An enormous danger to the Church is an unthinking Christianity that slips into society's patterns of living without investigating their validity. We should fear bandwagons that draw in participants who haven't really thought through the significance and meaning of a particular movement for their lives. Marva Dawn Truly The Community
Lent is a time for Christians to focus often giving up things. Fat Tuesday also pancake or Shrove Tuesday last week is a clearing of formerly luxury foods for the season of Lent. A few years ago I limited my tv viewing to one hour a day. Friends give up chocolate. This year in Italy catholics are urging switching off technology such as mp3 players and abstaining or reducing internet surfing or text messaging until Easter.
Of course the issue really isn't about denial but discipline and self-discipline. Reducing my tv viewing freed me up for reading more things. Since I now don't have a tv now, I've decided to ensure I do an hour of devotional reading a day in this season. Not Bible study nor prayer but devotional reading by trying to read good Christian literature. I avoid as much Christian fluff as possible. Marva Dawn asserts "How people think is the basis for who they become."

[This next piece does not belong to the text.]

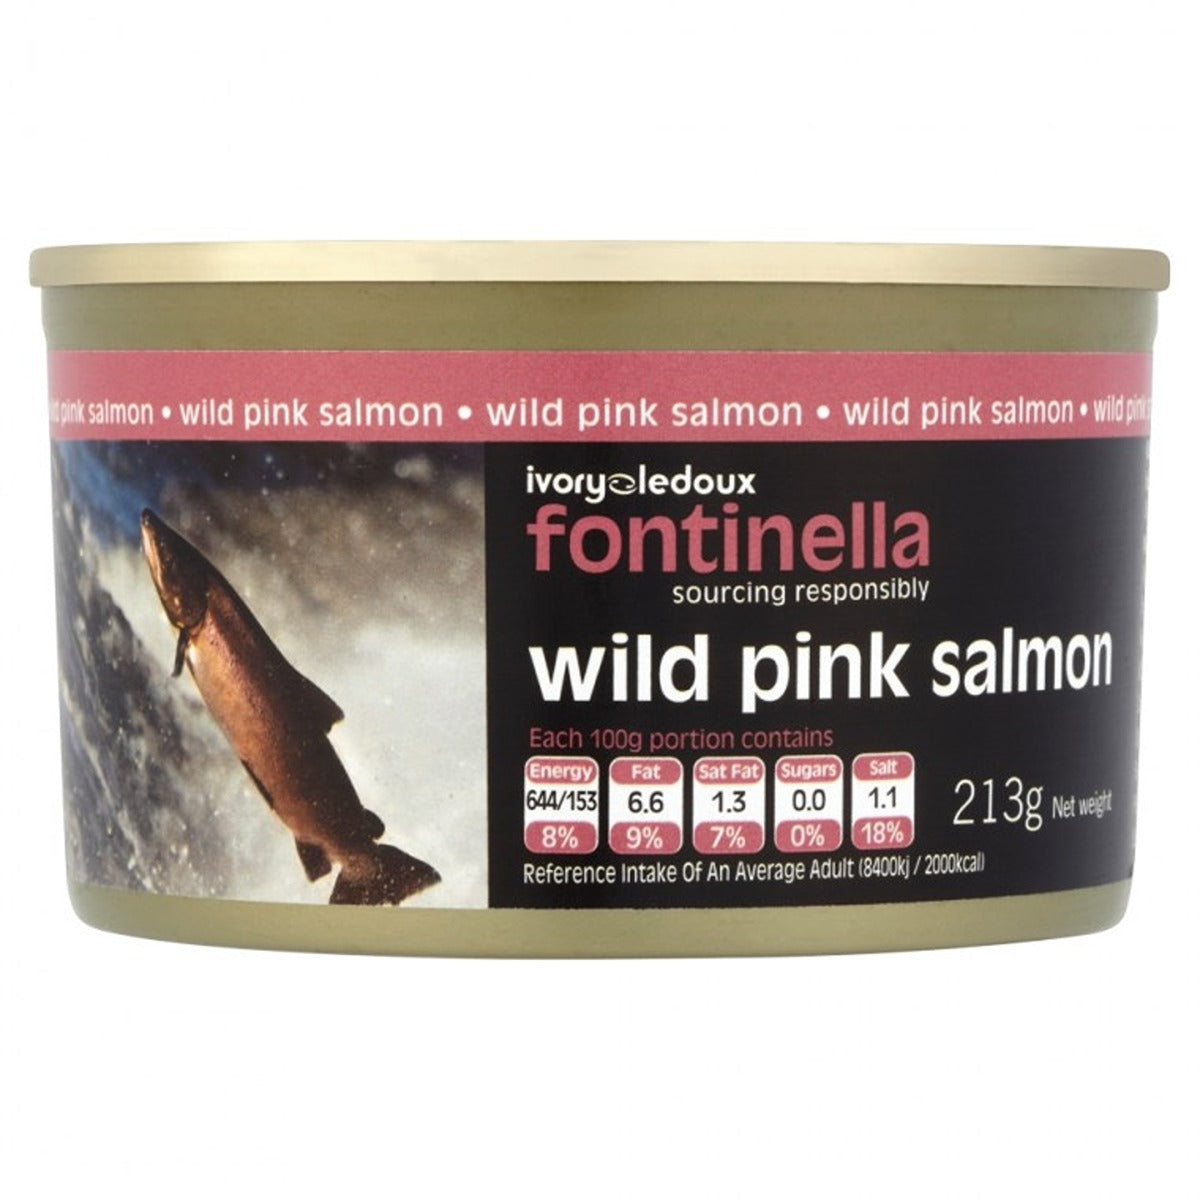 Fontinella - Wild Pink Salmon - 213g - Continental Food Store

Makoto Fujimura asserts that "we carry the dust of Eden in our DNA. Now, as we face a world ... we need to understand that our imaginative capacities carry a responsibility to heal, every bit as much as they carry a responsibility to depict angst." I feel Lent is a time of simplicity getting rid of complexity in order to find God both in angst and healing. Recently I was reading about the Father General of the Jesuits, Pedro Arupe who after celebrating Mass in a slum in South America, was invited to a home by a big man. Arupe wasn't sure whether to go or not, but he went to a shack that was ready to collapse.

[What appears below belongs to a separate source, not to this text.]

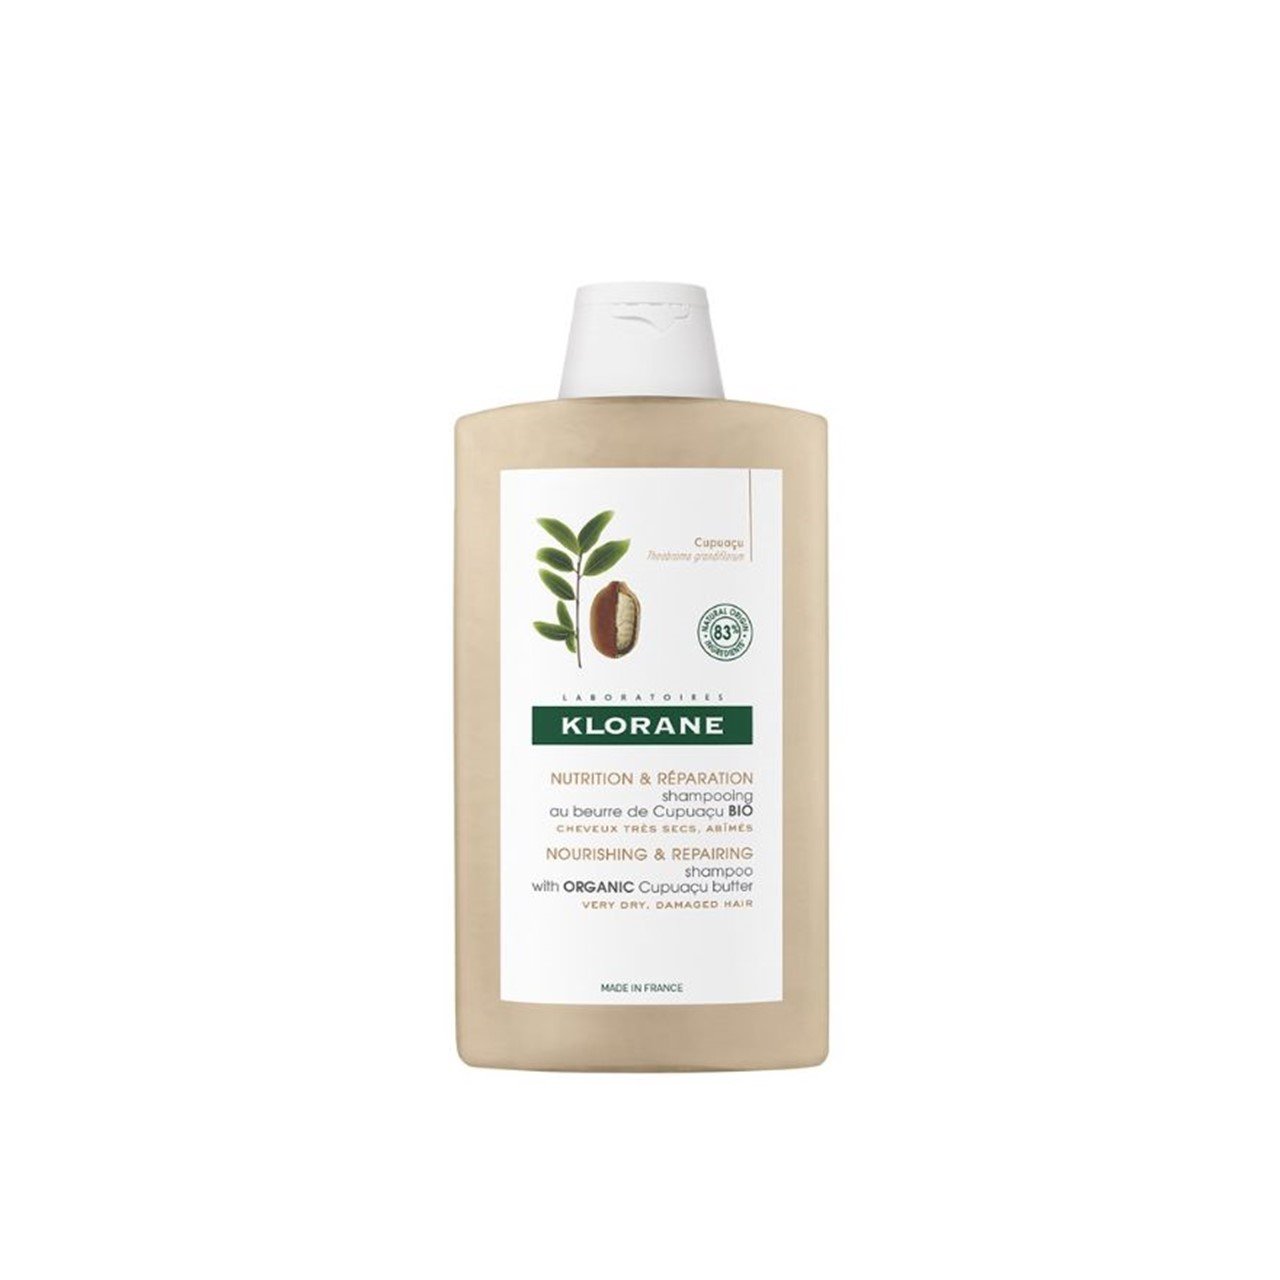 Klorane Nourishing & Repairing Organic Cupuaçu Butter Shampoo 200ml (6.76fl oz)

He had me sit down on a rickety old chair. From there I could see the sunset. The big man said to me, "Look sir, how beautiful it is!" We sat in silence for a few minutes. The sun disappeared. The man then said, " I don't know how to thank you for all you have done for us. I have nothing to give you, but I thought you would like to see this sunset. You liked it, didn't you? Good evening."
I missed the sunset but last night I looked at the moon and then at a very bright light in the sky. So bright it was difficult not to keep looking at it and wondering what it was. I know now it is Venus in the Western sky. Can we appreciate or wonder at the simple things when we have the distraction of other things? I'm not sure or not.